Mas uma cidade, obviamente, é feita de muito mais do que praias, montanhas e florestas. É acima de tudo feita de pessoas. E as pessoas que moram no Rio fazem ele ser ainda mais incrível e vivem na pele toda a sua beleza natural. Os cariocas são leves, divertidos, inteligentes e criativos; trazem no sotaque e no jeito de lidar com as coisas uma naturalidade que quebra as pernas dos mais sisudos.

Todo esse nariz-de-cera é para ilustrar o maior desafio que eu vejo para a resolução da violência: até onde conseguimos incentivar o potencial que uma cidade como Rio tem, sem fazer vista grossa para os seus mais graves problemas estruturais?

Quando você diz, todos os dias, que o lugar onde uma pessoa mora, estuda ou trabalha é um lixo ela passa a acreditar que aquele lugar é de fato um lixo. Não é uma questão promover uma auto-estima fake, mas de criar a instrumentos para que ela mantenha uma visão crítica sobre a sua realidade sem sucumbir às dificuldades que enfrenta.

Nesta semana, o programa “A Liga”, da TV Bandeirantes, fez uma grande reportagem sobre a favela da Rocinha. Os apresentadores se dividiram entre dois clichês: um que mostrava toda a violência do lugar e outro que defendia que, para além dessa violência, havia ali pessoas muito simples, que enfrentavam dificuldades estruturais.
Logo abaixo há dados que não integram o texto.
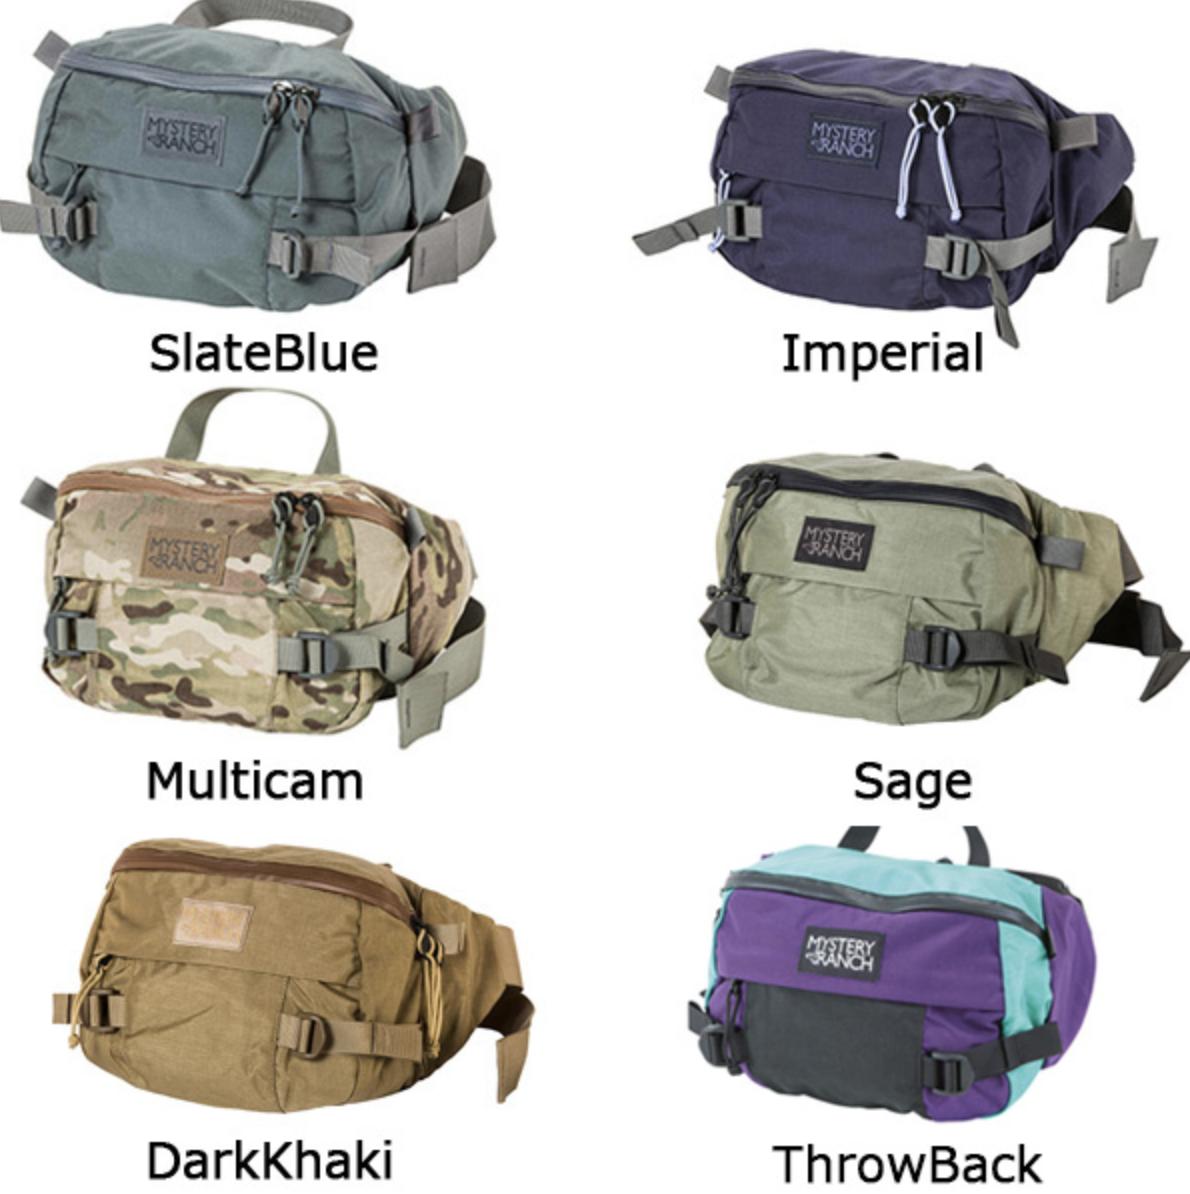 f:id:thebackpack:20190317114107p:plain

Isso, meus caros produtores da Band, todo mundo sabe. Eu queria saber da Rocinha quais são as expectativas das crianças e jovens que estão na escola, qual é a visão dos moradores sobre as políticas públicas que ali são feitas, como eles enfrentam o preconceito, etc. Ou seja, provocar no espectador um sentimento de alteridade e identificação.

No programa eles insistiam em chamar favela de “comunidade”. Para mim, isso só esconde a situação em que essas pessoas vivem, e não contribuiu em nada para melhorar a vida de quem mora nela. Na era da informação, não podemos ver esses moradores como massa de manobra e reféns de programas como o Bolsa Família. Eles assistem TV a cabo (net-gato, que seja) e acessam a internet. Por conta da própria configuração urbana do Rio, circulam por entre muito lugares em comum com a classe mais alta da sociedade e sabem profundamente o que está acontecendo com ela.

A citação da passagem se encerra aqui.